I found out suddenly that I sat on a seat where there is a gum and it stuck on my jeans. How can I express this situation?

Minun farkuilla on purukummi! On se ärsyttävää. Täytyy raaputtaa/kaapia/raapia ne! (?)


----------



## akana

I think you would use the -ssa ending in this case, though Finns should confirm.

Minun farkuissa on purukumia.

Personally, I would say something like:
Minun farkkuihin on tarttunut purukumia.


----------



## Hakro

akana said:


> Minun farkuissa on purukumia. Correct! But usually we say "Farkuissa*ni* on purukumia."
> 
> Personally, I would say something like:
> Minun farkkuihin on tarttunut purukumia. Correct! But usually we say "Farkkuihi*ni* on tarttunut purukumia.





> Täytyy raaputtaa/kaapia/raapia se pois!


The best way is to put the jeans in the deep-freezer. When the gum is frozen, it's quite easy to scrape it off.


----------



## Gavril

Hakro said:


> The best way is to put the jeans in the deep-freezer. When the gum is frozen, it's quite easy to scrape it off.



In the context of scraping gum off your clothes, how would you say that the motions of _raapiminen, kaapiminen_ and _raaputtaminen_ differ from each other?

Kiitos


----------



## Hakro

Gavril said:


> In the context of scraping gum off your clothes, how would you say that the motions of _raapiminen, kaapiminen_ and _raaputtaminen_ differ from each other?

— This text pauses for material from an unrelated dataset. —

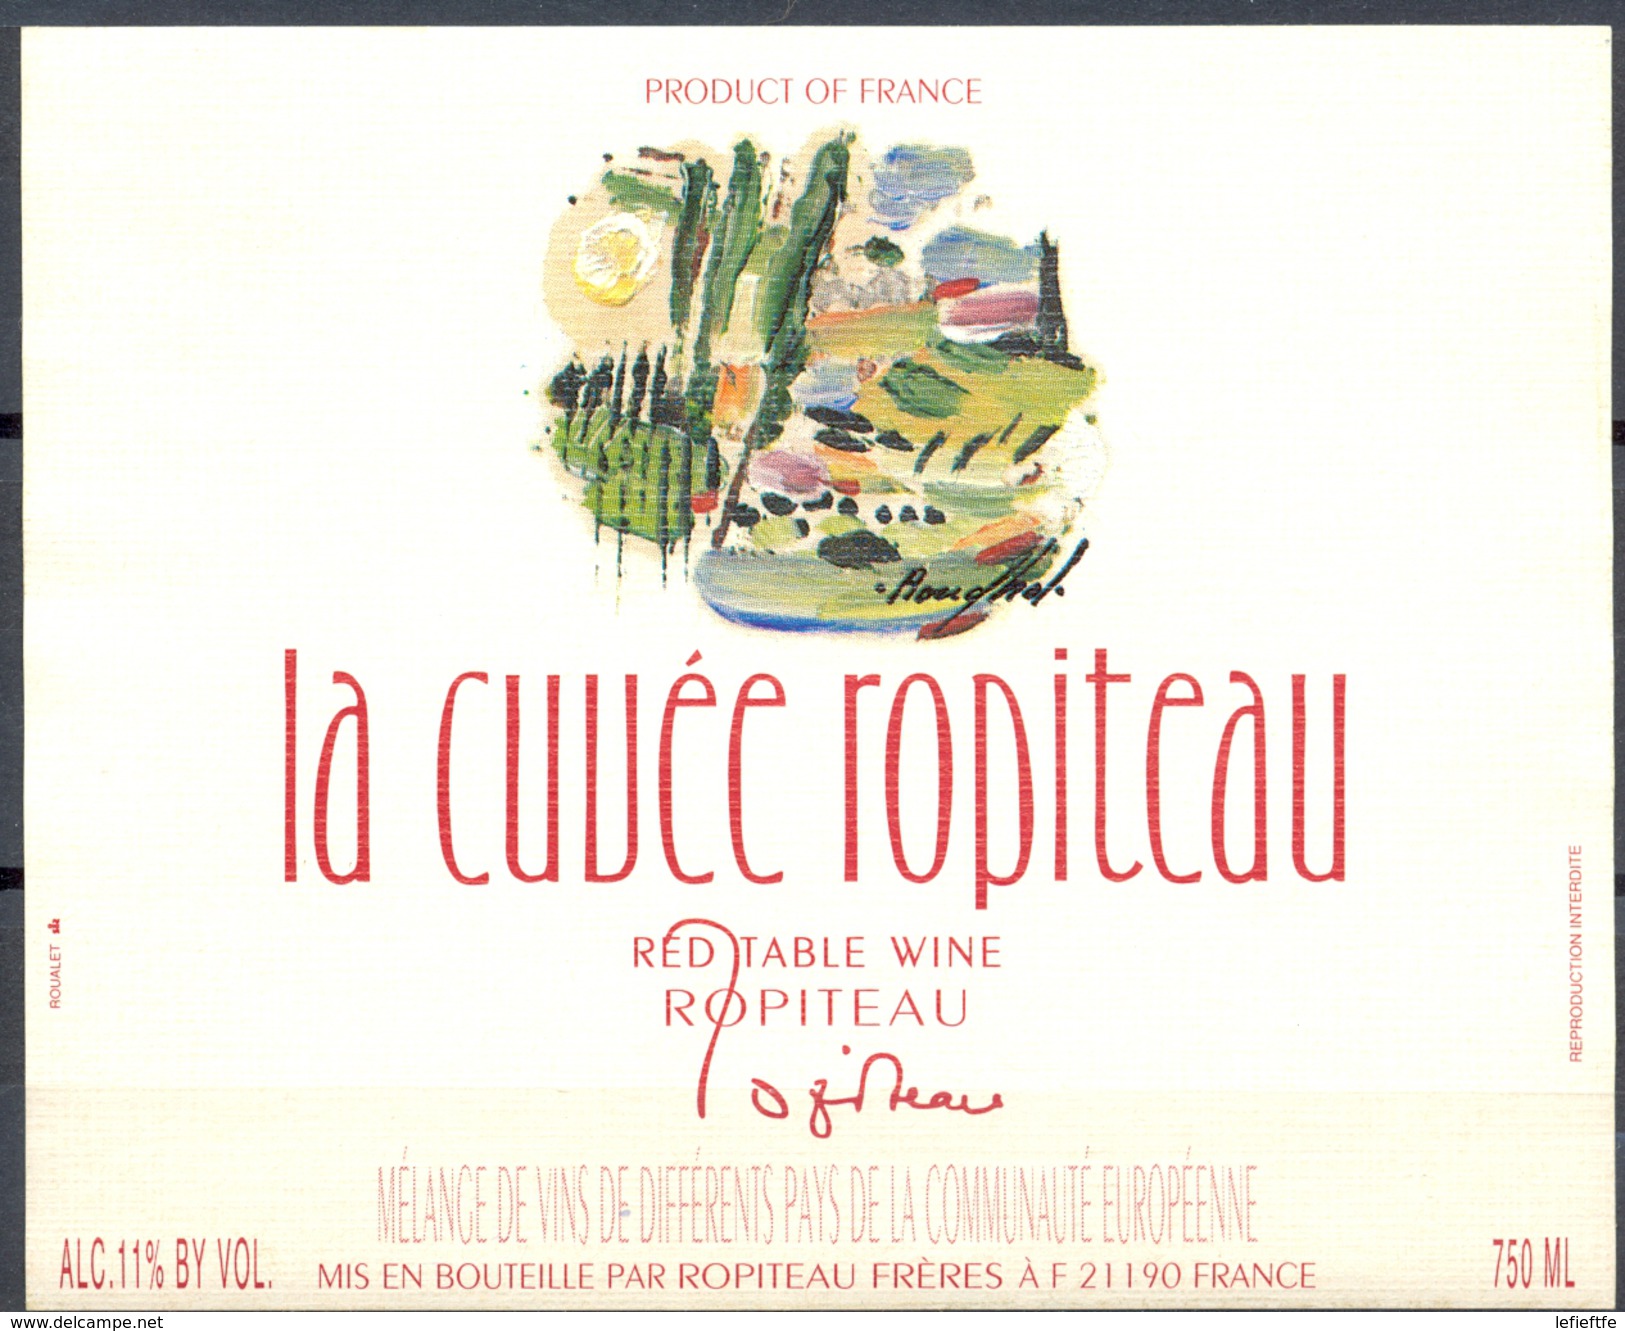 057 - La Cuvée Ropiteau  - Red Table Wine - Mélange De Différents Vins De La Communauté Europénne - Robiteau Frères - Red Wines

In spoken language there's not much difference. 

If I try to analyze the words more exactly, I'd say that:

- _raapiminen_ usually means scratching or clawing, especially by an animal, but it can be used also ina a figurative meaning.
- _kaapiminen_ usually means scraping or gouging with a tool.
- _raaputtamine_n usually means a slow or light work of _raapiminen_, often with a fingernail, and especially to  erase something.

These are the first ideas that came to my mind. I hope that other Finns would add more interpretations.


----------